Psalm 139 speaks about a creator who knows us, not just the version we present of ourselves, but knows us so fully that He discerns our thoughts, and is acquainted with our ways, and has never had our frame hidden from Him. That speaks to each part of us: the thoughts of our minds, the actions of our ways, and the physicality of our bodies – God knows all of these things, and loves us still. And by accepting and loving ourselves because of the value God places on us, there’s a motivation to see relationships less about how someone can invest in our earthly desire to be loved and accepted and instead we see opportunities to invest in loving and accepting someone else.

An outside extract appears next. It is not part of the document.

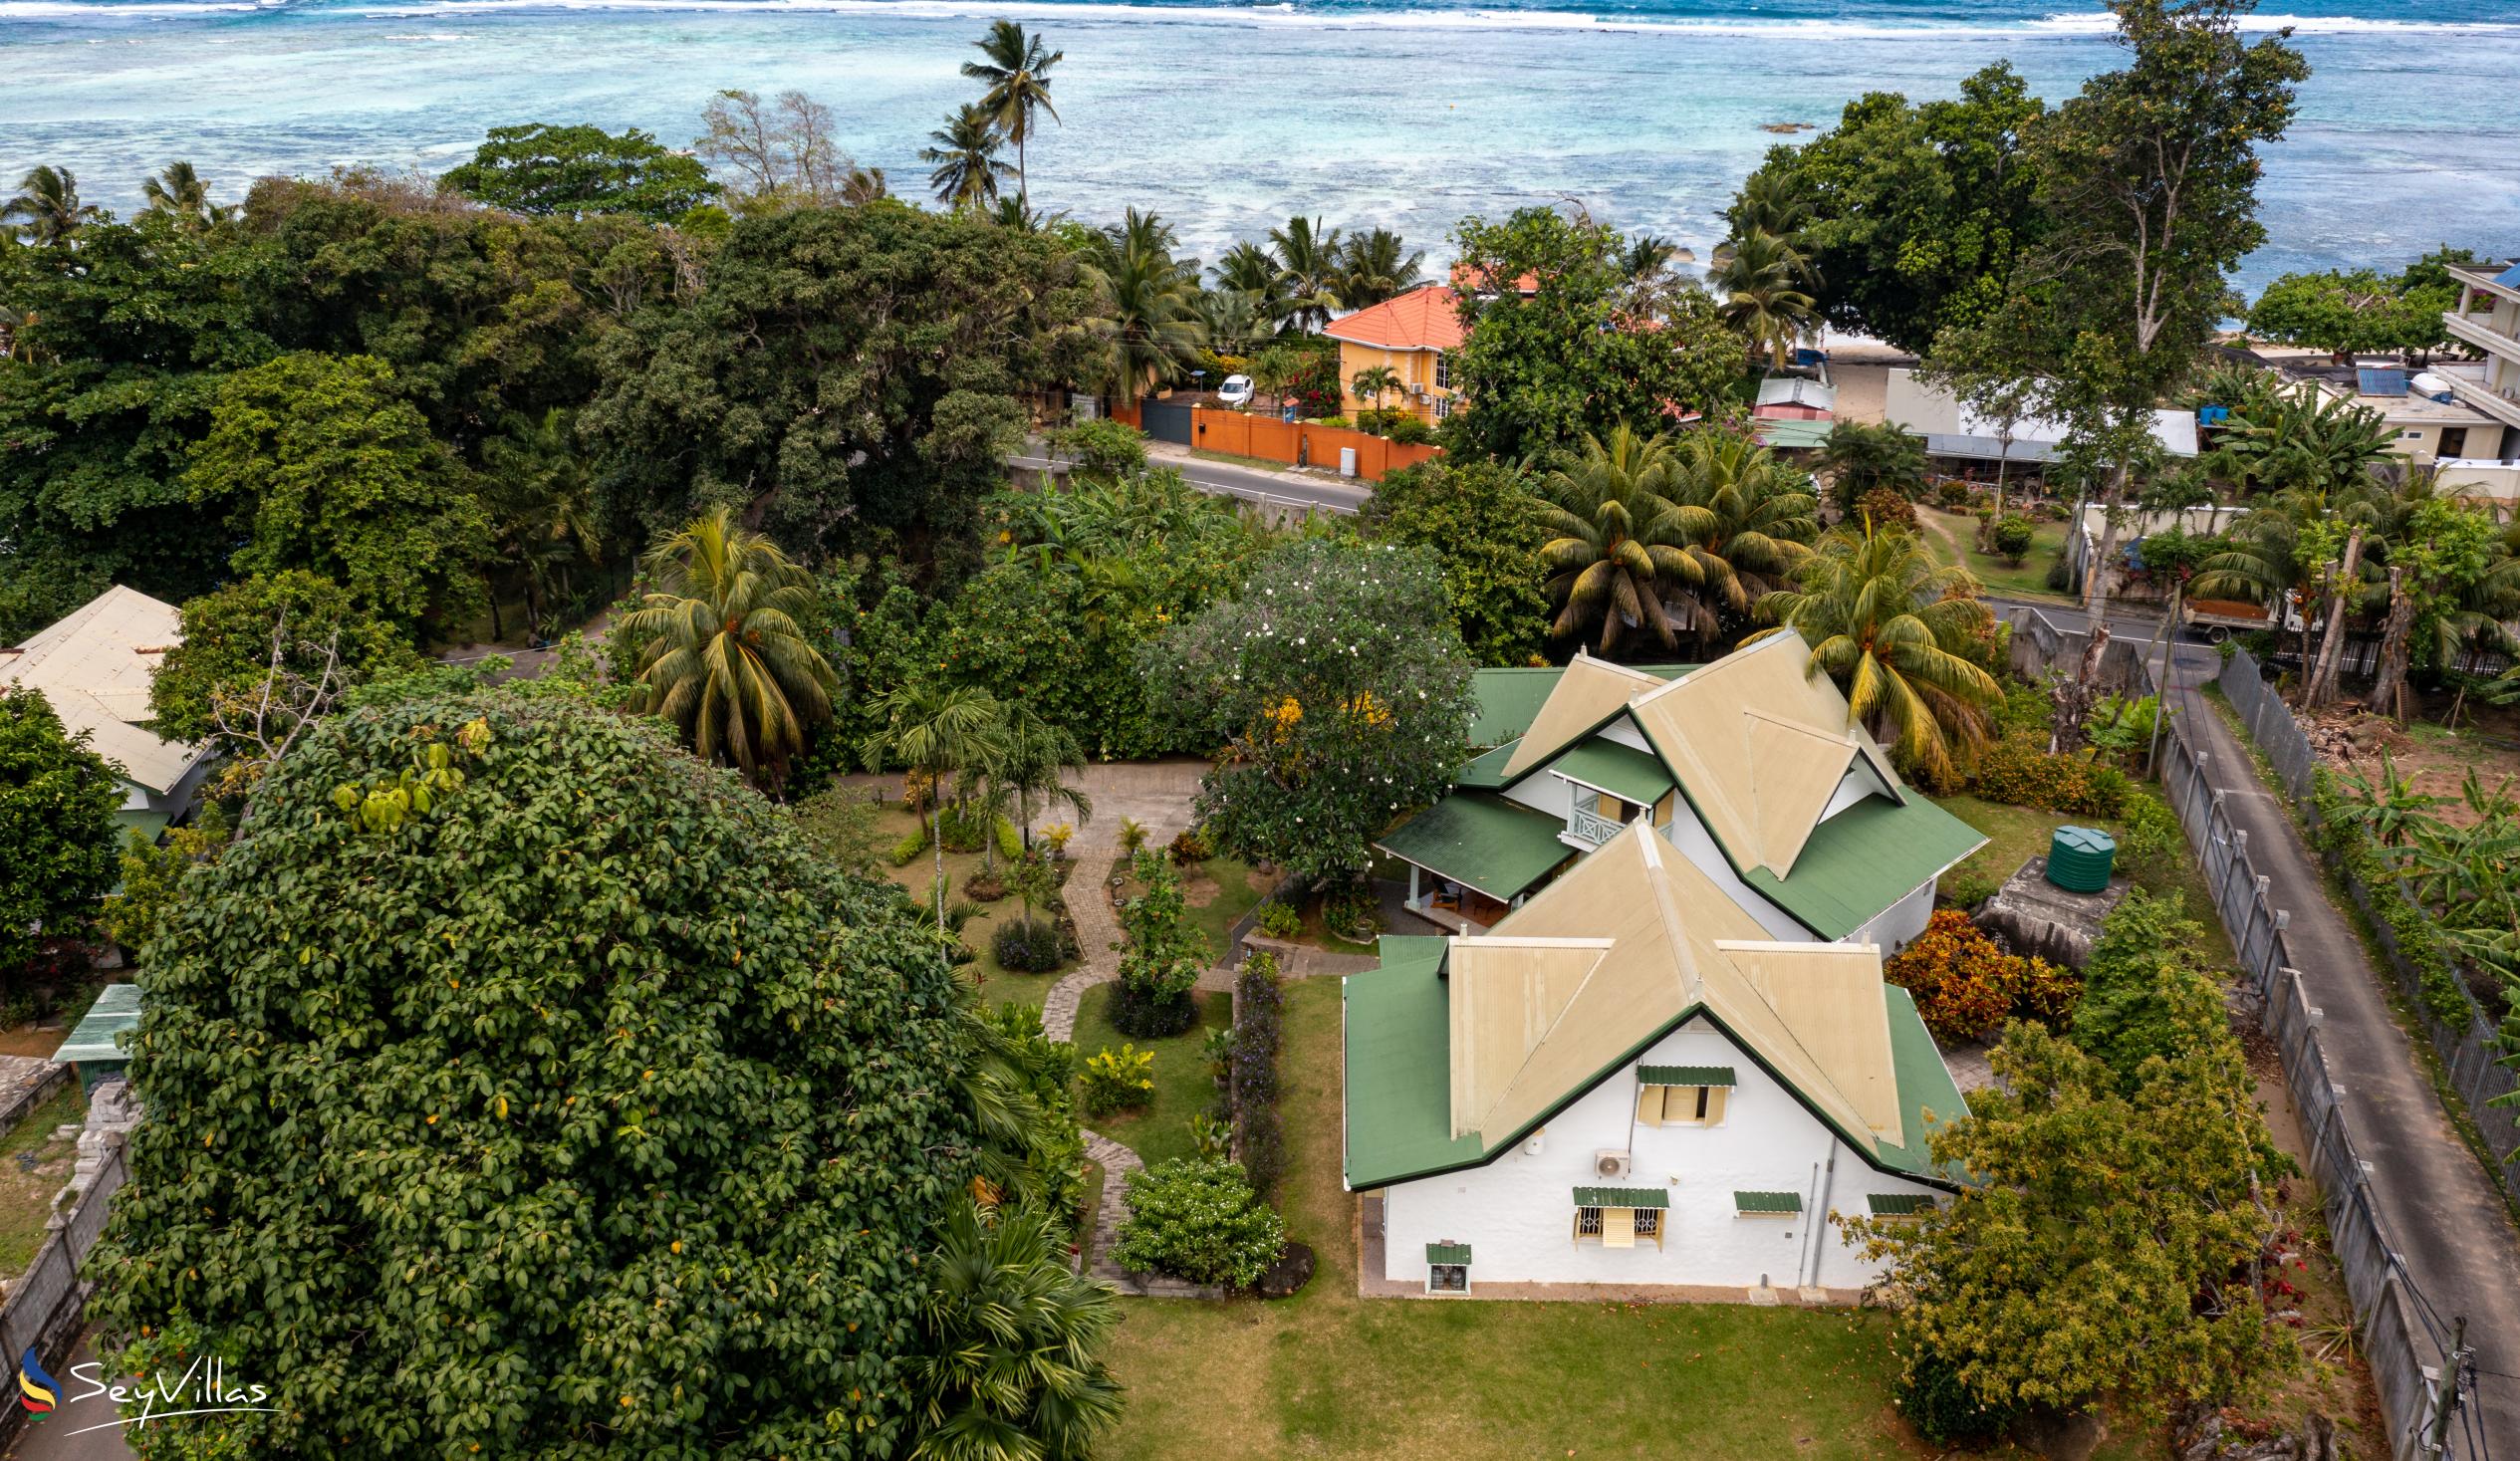 Foto 2: Villa Kordia - Esterno - Mahé (Seychelles)

That is the essence of loving as Christ loved us, to love without anything needing to be returned. I think if we can give ourselves over to being vulnerable then we free ourselves up to be selfless in loving others, because we’ve come to terms with giving what we have to offer, knowing we might not get it back in return from any earthly being, but that we have love from Love himself – what is more moving than that?

Still more to think on this but that’s where I’m at right now.